As described in Example 1, C1 q is bound to porous glass. This matrix is used several times to remove immunoglobulin aggregates. After binding and removal of the immunoglobulin aggregates according to Example 1, the matrix is regenerated with 2 mM NaCl solution in PBS buffer, pH 7.0, and brought into contact again with the already treated immunoglobulin preparation, so that the remaining immunoglobulin aggregates are removed. Table 2 shows the results of two characteristic experiments.

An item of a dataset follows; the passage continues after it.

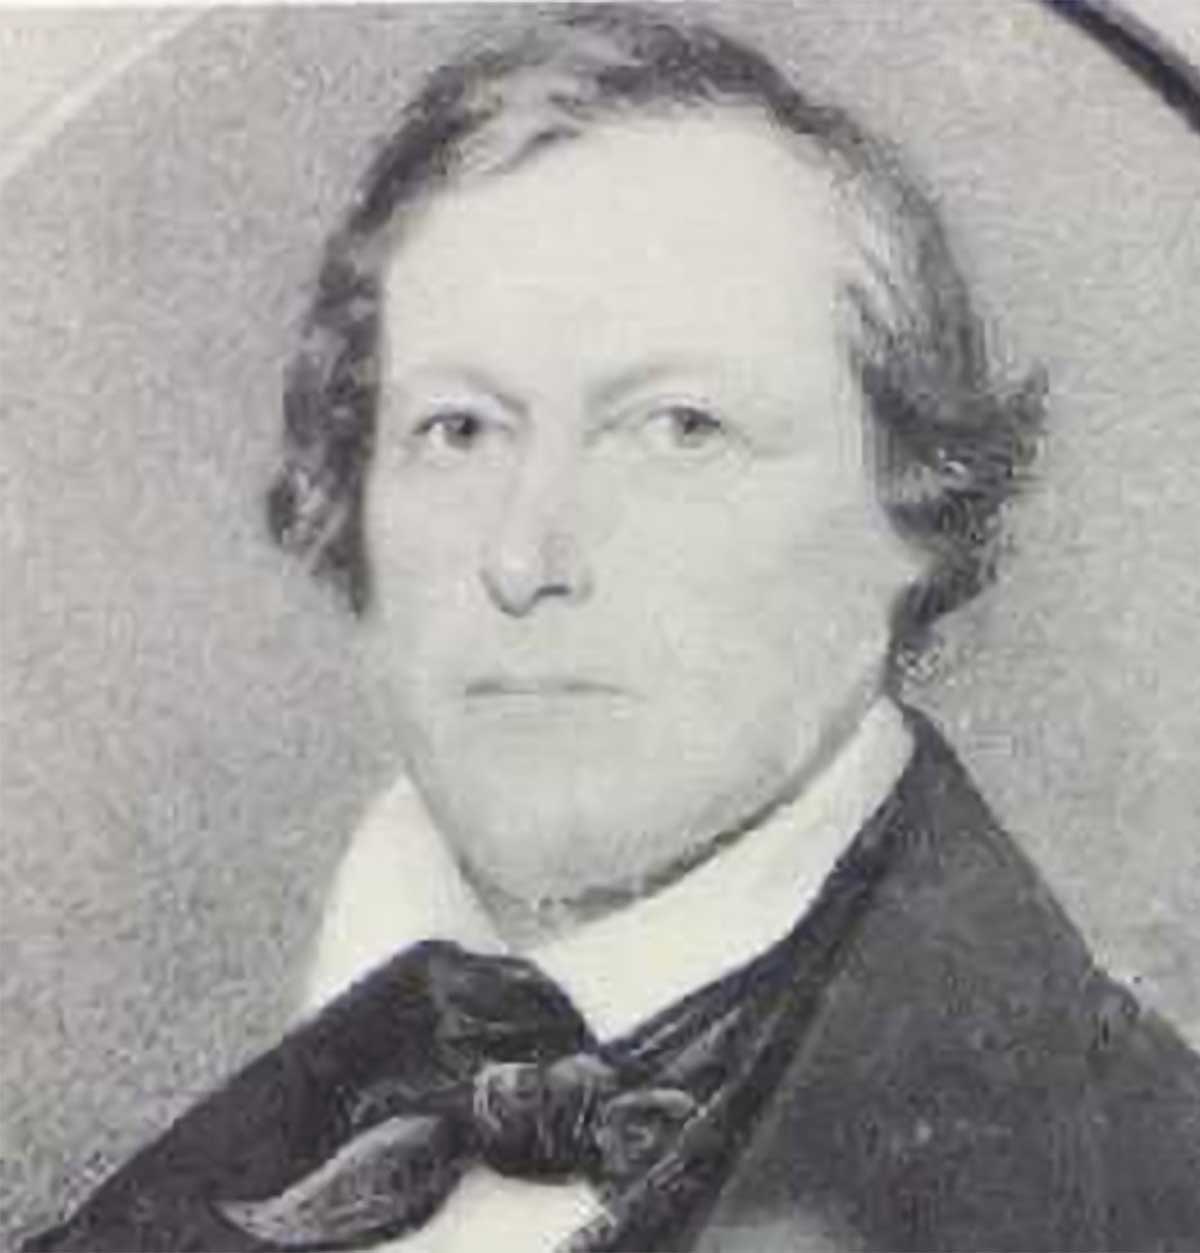 A photograph of Joshua John Ward.

Table 2: Aggregated. IgG (pg / ml) (° / Ό) 860 250 120 860 320 150 100 29 14 100 37 17 Immunoglobulin preparation before treatment after I. Treatment after 2nd treatment

Example 3:

Glass fiber filters are functionalized as described in Example 1, activated and loaded with C1 q. These filters are fitted in suitable filtration systems (Sartorius GmbH, Göttingen, FRG), so that the immunoglobulin preparations to be treated come into contact with the C1 q matrix during the filtration process (eg sterile filtration) and the immunoglobulin aggregates are removed. The regeneration of the loaded with C1 q glass fiber filter is then carried out analogously to Example 1 and 2 with

2m NaCl solution in PBS buffer, pH 7.0.

Table 3 shows a characteristic experiment using the C1 q matrix twice.

Table 3:

Aggregated. IgG (pg / ml)

immunoglobulin preparation

before treatment 520 100

after I. treatment 370 71

after 2nd treatment 200 38

Claims (12)

1. A method for the removal of immunoglobulin aggregates from immunoglobulin preparations on the basis of biospecific interactions on solid phases, characterized in that are used as the solid phase siliceous materials, after previous, known chemical surface modification with silane coupling agents and hetero or homobifunctional reagents or are loaded directly with the protein C1q and that after binding of the immunoglobulin aggregates to the Ciq of the solid Phi. By incubation with the immunoglobulin preparation and separation of the solid phase, regeneration of the solid phase occurs by treatment with non-denaturing media and reuse of the solid phase. 2. A process for the removal of immunoglobulin aggregates from immunoglobulin preparations according to item 1, characterized in that the silicon dioxide-containing materials are molded bodies of glass or glass-like materials. 3. Expired after item 2, characterized in that the shaped bodies are present as balls. 4. The method according to item 2, characterized in that the shaped bodies are present as fibers. 5. The method according to item 3, characterized in that the balls are porous and have a pore size of 0.05-100pm. 6. The method according to item 3, characterized in that the balls have a particle size of 1 to 1000 microns. 7. The method according to item 2-6, characterized in that the shaped bodies are formed by packing, sintering or by using a binder to higher-level structures with defined permeability. 8. The method according to item 4 and 7, characterized in that the parent structures have a predominantly planar expansion such as filters, frits, hollow cylinders. 9. The method according to item 4 and 7, characterized in that the fibers are present as nonwovens or tissue. 10. The method according to item 7, characterized in that the parent structures are mainly column packs. 11. The method according to item 1-10, characterized in that the surface modification of the glass is carried out by silane coupling agent and homo- or heterobifunctional reagents. 12. The method according to item 1-11, characterized in that the non-denaturing media are buffered solutions of high quality.